Depending on the size of your graph and the number of integrations you have enabled, this process can take some time to complete.
Source Data
The unified representation is driven from the data found in Device and Host entities in your graph. Any integration or custom data that creates such entities will be part of the Unified Device experience.

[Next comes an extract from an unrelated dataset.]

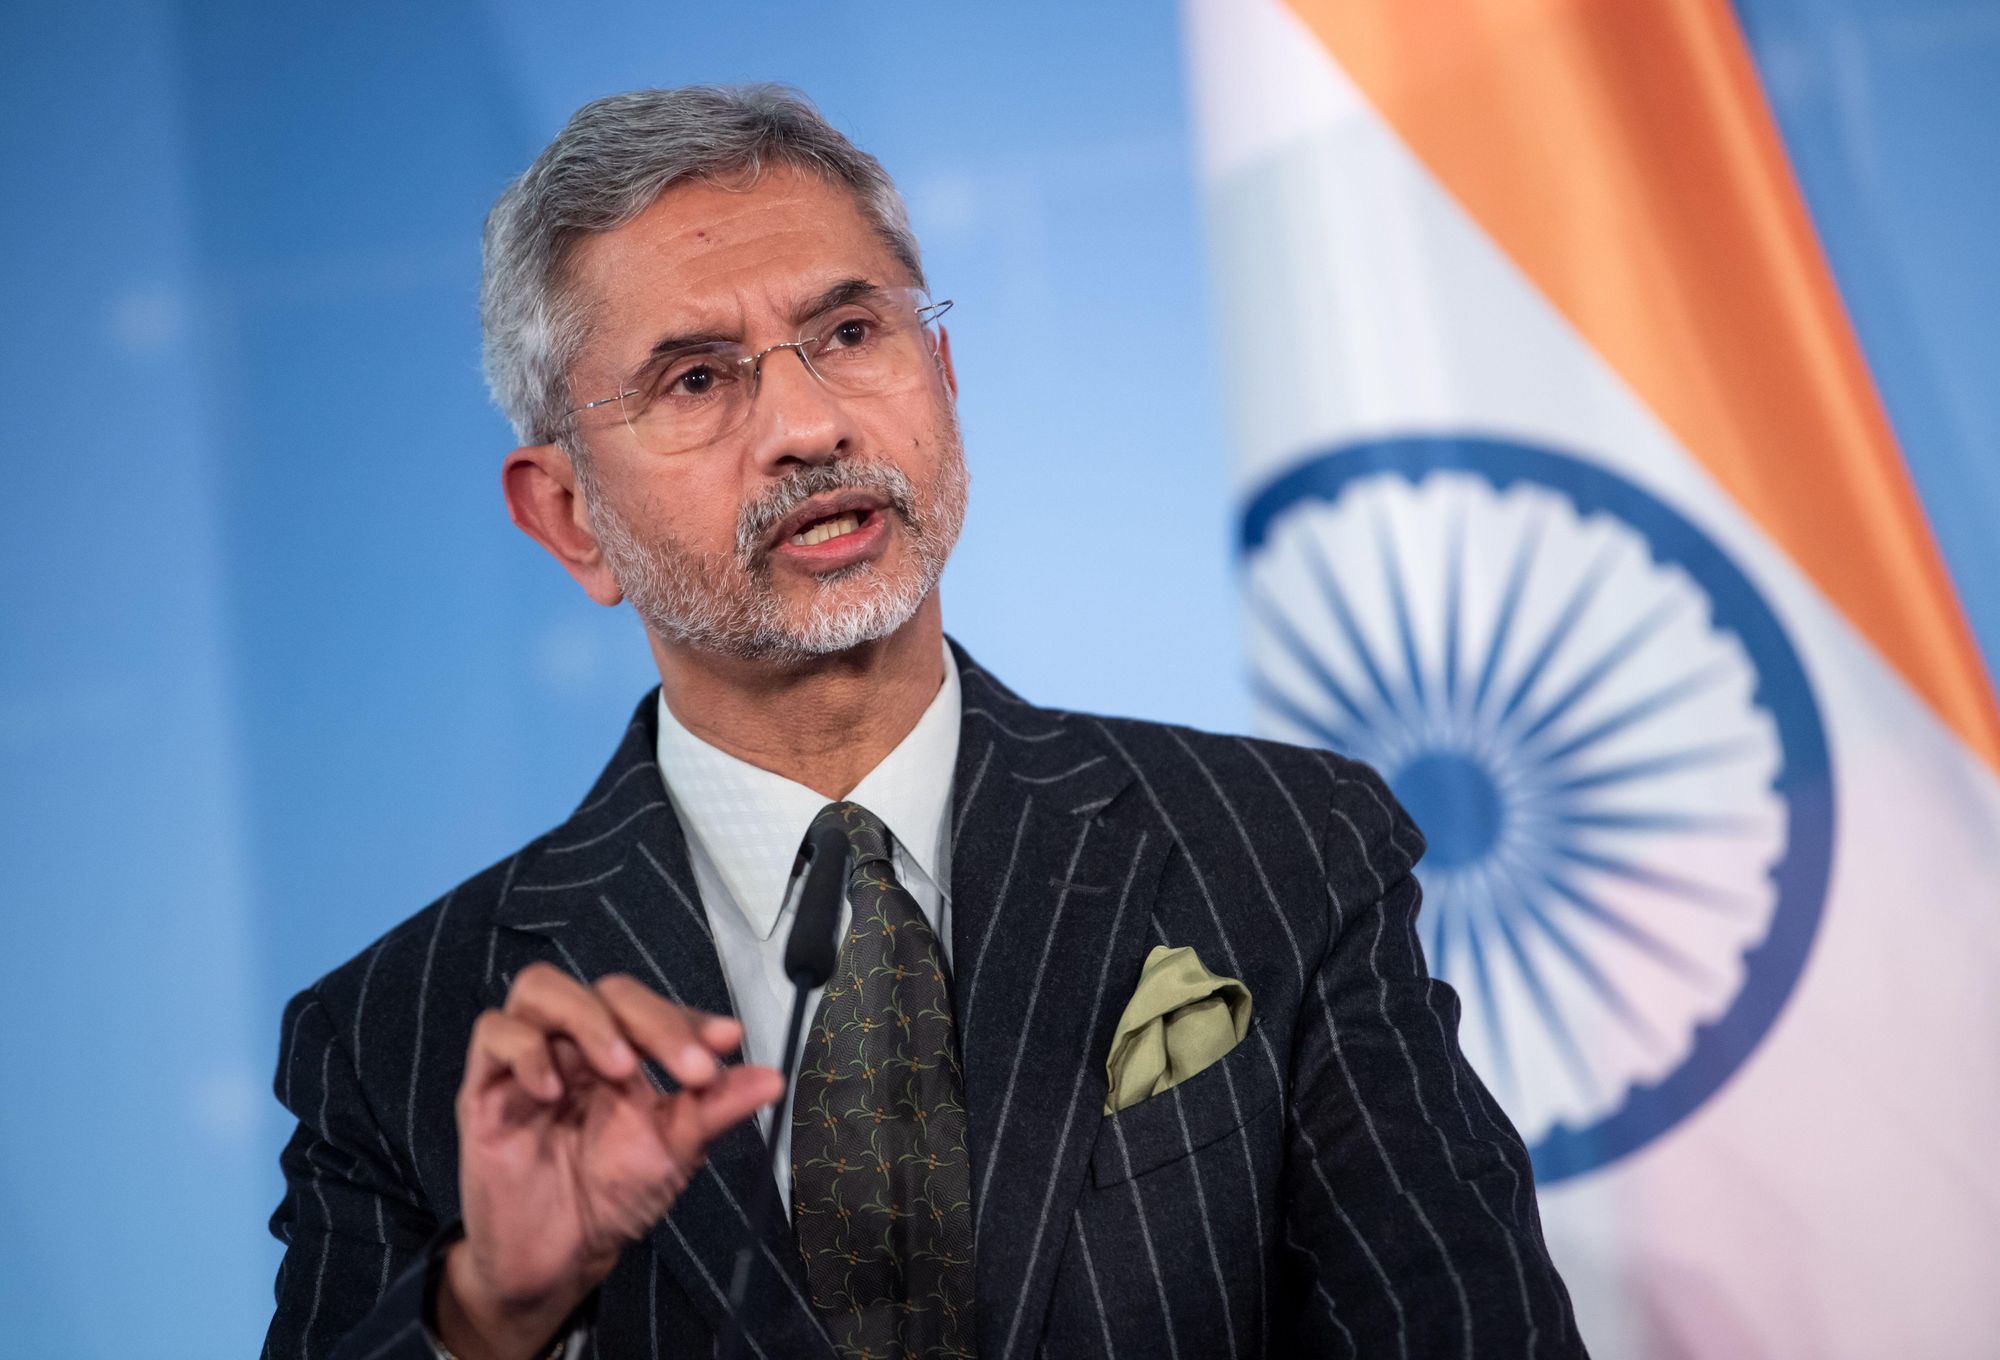 Ινδός ΥΠΕΞ: “Το Πακιστάν χρησιμοποιεί τη διασυνοριακή τρομοκρατία για να φέρει την Ινδία σε τραπέζι διαπραγματεύσεων”

Unified Device expects to find the following normalized properties on the source Device and Host entities:
| Property | Type | Description | Notes |
|---|---|---|---|
ipv4Addresses | string[] | The IPv4 addresses of the device, public or private | |
ipv6Addresses | string[] | The IPv6 addresses of the device, public or private | IPv6 Addresses should be in their long format (e.g. 2607:FB90:1000:0000:0000:0000:0000:0001) |
macAddresses | string[] | The MAC addresses of the device | MAC Addresses should be lowercase and colon delineated (e.g. a4:83:e7:25:3e:f1). Managed or randomized MAC addresses should be excluded where possible |
publicIpAddresses | string[] | The public IP addresses of the device, both IPv4 and IPv6 | IP addresses that do not fall under private or reserved ranges |
privateIpAddresses | string[] | The private IP addresses of the device, both IPv4 and IPv6 | IP addresses that fall under private or reserved ranges |
hostname | string | The hostname of the device, or the leaf node of the FQDN | Case should be preserved. This is just the hostname, not the FQDN. For example the output of hostname -s |
fqdn | string | The fully qualified domain name of the device | Case should be preserved. This is the FQDN for the host. For example the output of hostname -f |
serial | string | The serial number of the device | As close as possible to the BIOS serial number. For example the output of dmidecode -t system on Linux, ioreg -l \| grep IOPlatformSerialNumber on macOS, or wmic csproduct get uuid on Windows |
deviceId | string[] | Other unique identifiers for the device | |
lastSeenOn | date | The last seen date of the device | |
make | string | The hardware make of the device | The hardware manufacturer for the device, such as Dell, HP, Lenovo, etc. |
model | string | The hardware model of the device | The device model, such as PowerEdge R740, EliteBook 840 G3, ThinkPad X1 Carbon 7th, etc. |
osName | string | The name of the operating system | |
osType | string | The type of the operating system | |
osDetails | string | The details of the operating system | |
osVersion | string | The version of the operating system | |
status | string | The status of the device |
Only some of these properties are used for correlation, although where possible integrations and custom data uploads should include as many of these properties as possible.
Correlation and Unification
There are various weighted properties that are used to determine if two devices are the same. The most important property is the serial property, which has a very strong weighting to determine if two devices are the same.
Additional correlation properties include macAddresses, hostname, fqdn, privateIpAddresses, and publicIpAddresses.
It is possible to view the correlations either between two UnifiedDevice entities that have not been merged, or between the source Hosts and their UnifiedDevice representations.